Guidelines to fill experiment metadata

  1. Knowledge of real temperature

    It is not clear if the experiment is performed with knowledge of the real temperature. The pulse program often imposes heating inside the sample rotor, which cannot be measured directly. The correction should be applied, but it is sometimes unclear whether it was. This must be reflected in the metadata field called T_RF_HEATING. If you cannot find any signs of temperature correction, use “UNKNOWN”.

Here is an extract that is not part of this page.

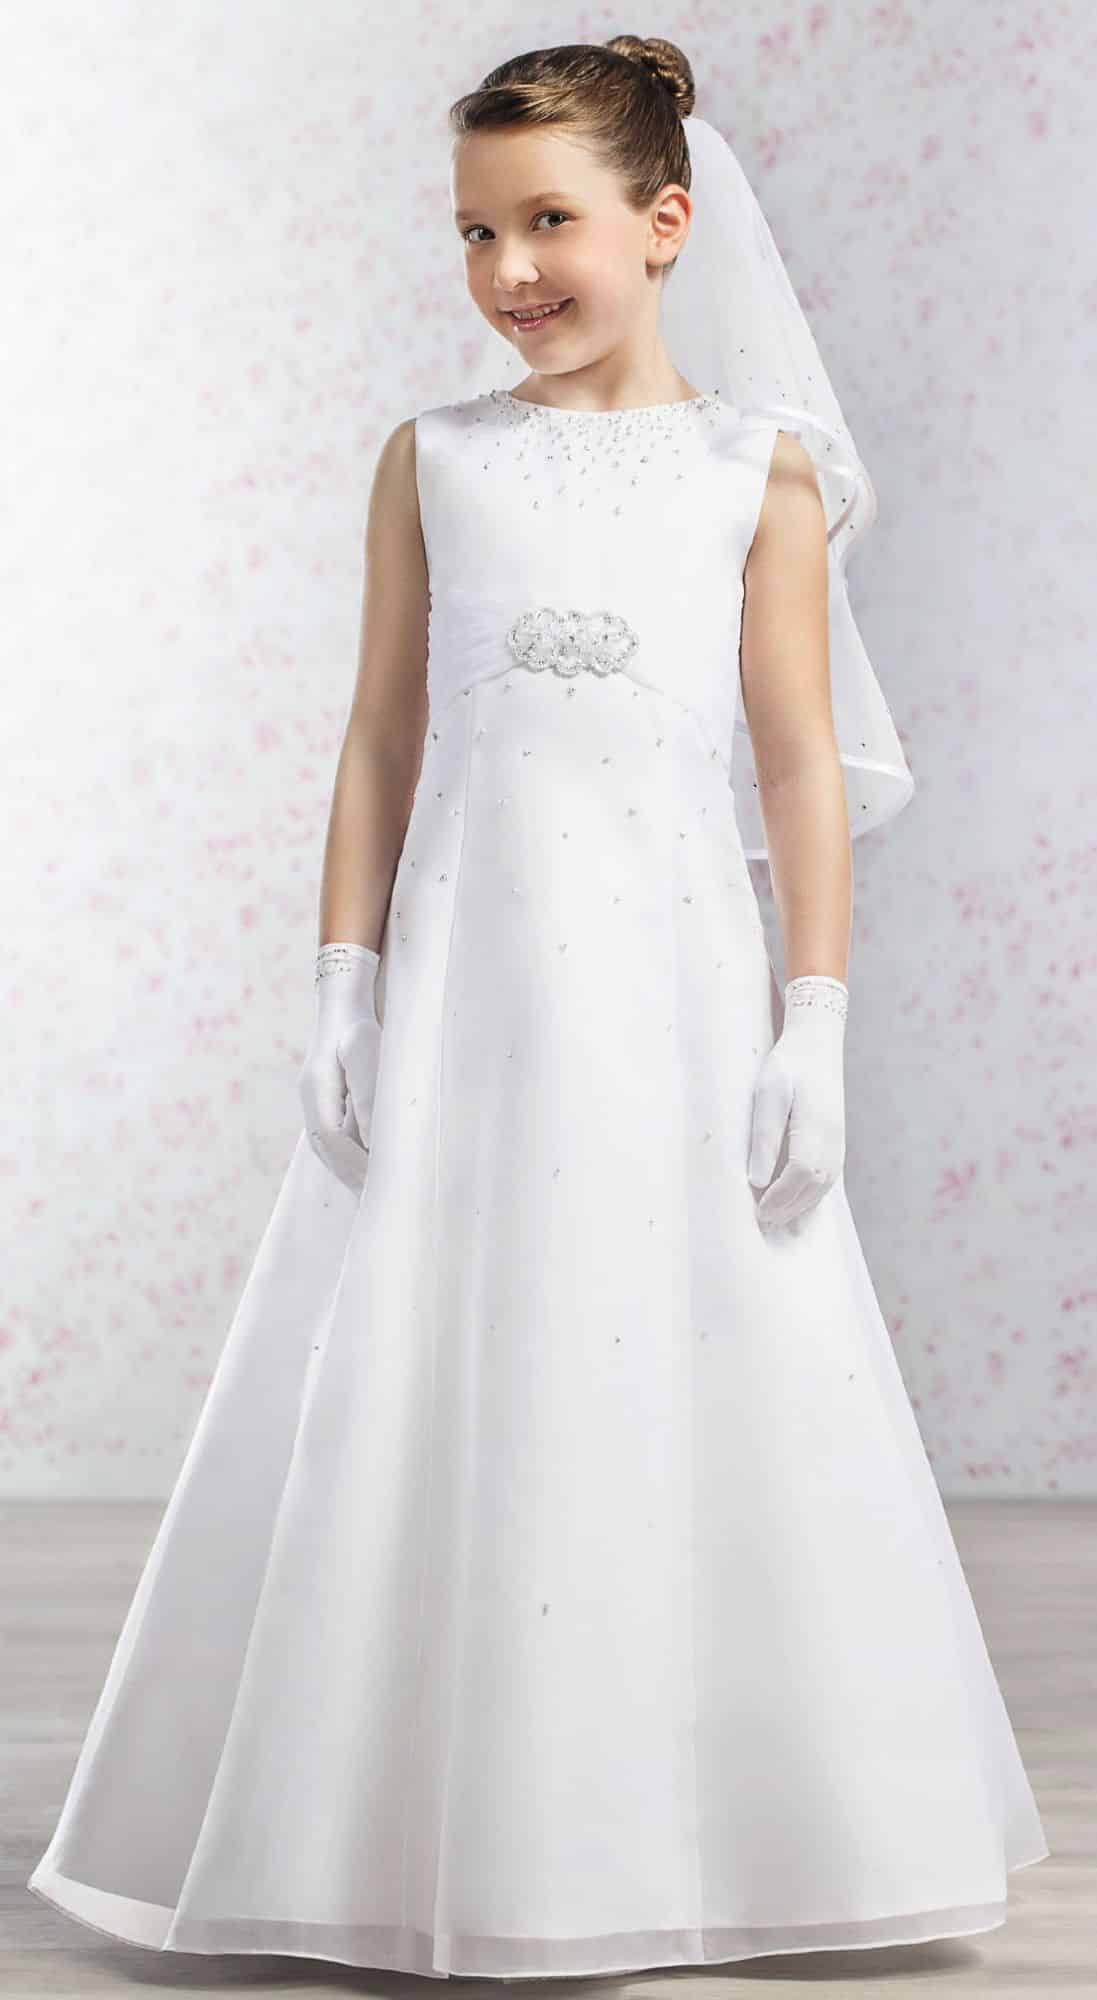 صور أجدد تصميمات لفساتين العرس للاطفال متنوعة
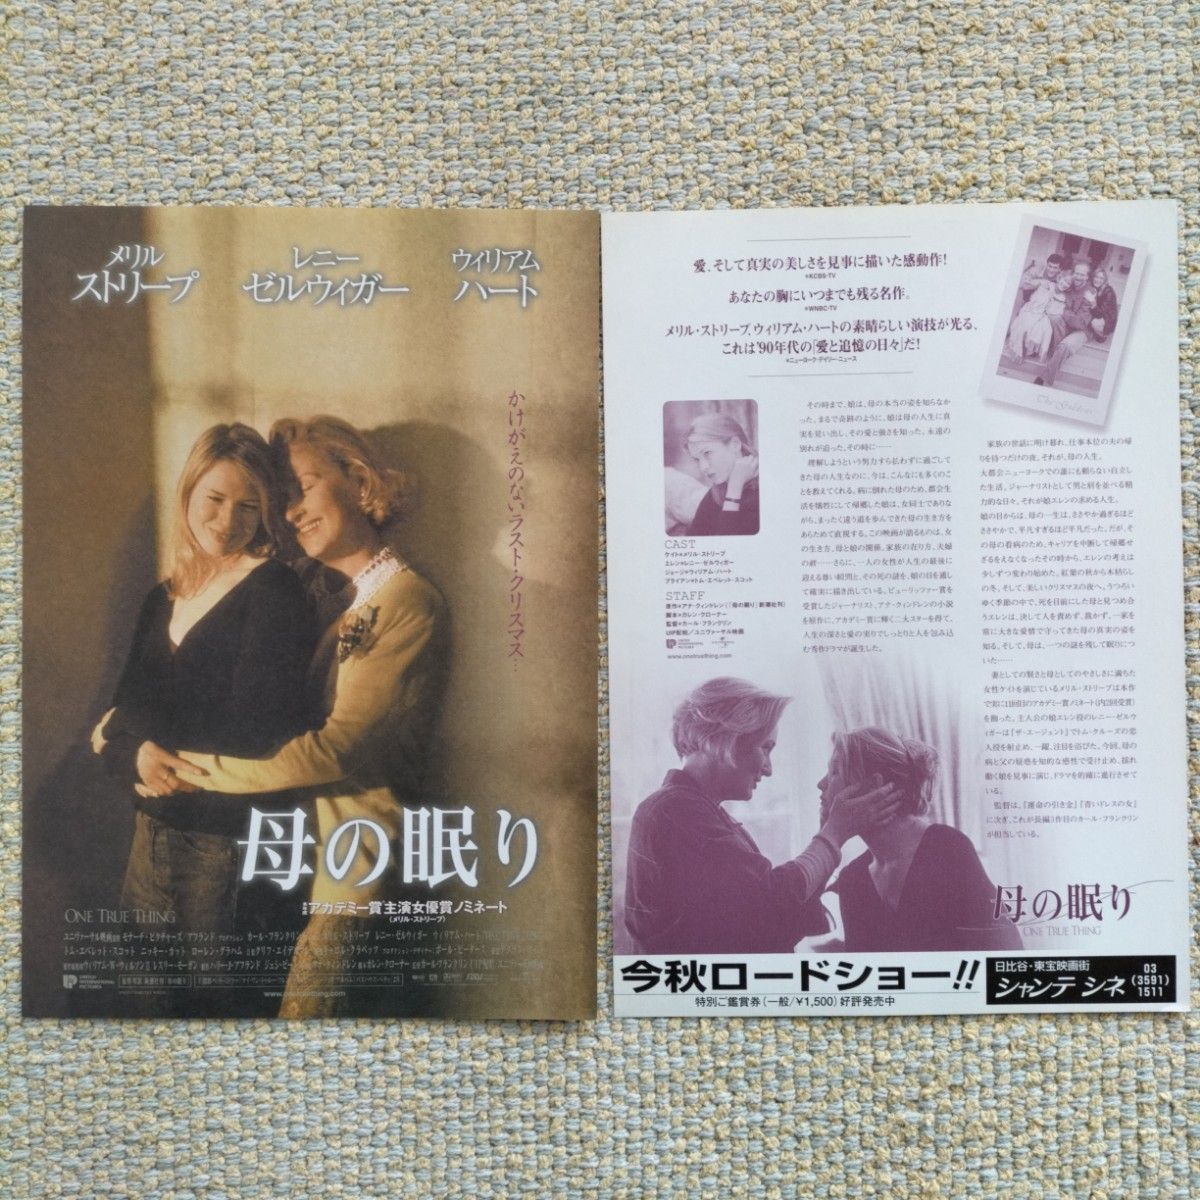 レニー・ゼルウィガー出演映画のポスター、チラシ、ポストカード

  2. Knowledge of the sign

    99.99% of experiments don’t give a sign of the order parameter, just the absolute value, and we should guess them when we add. The easiest way is to inherit this guess from MD. There are experiments where signs are measured, then we write them explicitly in SIGN_MEASURED field.

  3. Details of pulse sequence

    Modern techniques like R-PDLF have a lot of settings in their pulse sequences. We want to reflect some of them in DETAILS field, but don’t make it too large. If some papers are cited, we can cite them as well in DETAILS. Let’s keep this field to a few-line paragraph.